The Self-Sovereign Identity (SSI) is a decentralized paradigm enabling full control over the data used to build and prove the identity. In Internet of Things networks with security requirements, the Self-Sovereign Identity can play a key role and bring benefits with respect to centralized identity solutions. The challenge is to make the SSI compatible with resource-constraint IoT networks. In line with this objective, the paper proposes and discusses an alternative (mutual) authentication process for IoT nodes under the same administration domain. The main idea is to combine the Decentralized IDentifier (DID)-based verification of private key ownership with the verification of a proof that the DID belongs to an evolving trusted set. The solution is built around the proof of membership notion.
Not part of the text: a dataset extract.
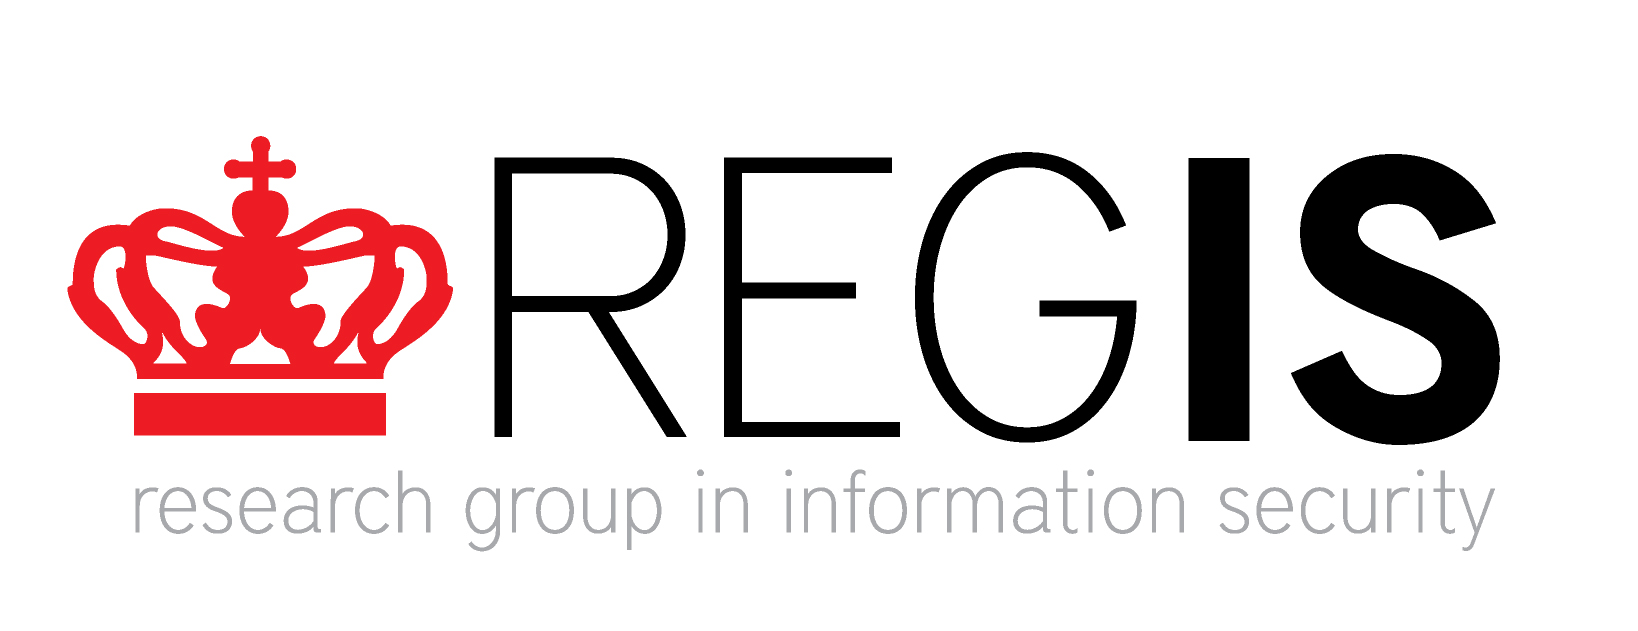 Logo REGIS

The paper analyzes two membership solutions, a novel solution designed by the Authors based on Merkle trees and a second one based on the adaptation of Boneh, Boyen and Shacham (BBS) group signature scheme. The paper concludes with a performance estimation and a comparative analysis.

翻译：自主主权身份（SSI）是一种去中心化范式，可实现对构建和证明身份所用数据的完全控制。在具有安全需求的物联网网络中，自主主权身份能发挥关键作用，并相对集中式身份解决方案带来诸多优势。其挑战在于使SSI与资源受限的物联网网络兼容。基于这一目标，本文提出并讨论了一种适用于同一管理域下物联网节点的替代性（相互）认证流程。核心思路是将基于去中心化标识符（DID）的私钥所有权验证与证明该DID属于动态可信集合的认证相结合。该解决方案围绕成员资格证明概念构建。本文分析了两种成员资格方案：一种是由作者基于Merkle树设计的新方案，另一种是基于Boneh、Boyen和Shacham（BBS）群签名方案改编的方案。最后通过性能评估与比较分析对研究进行总结。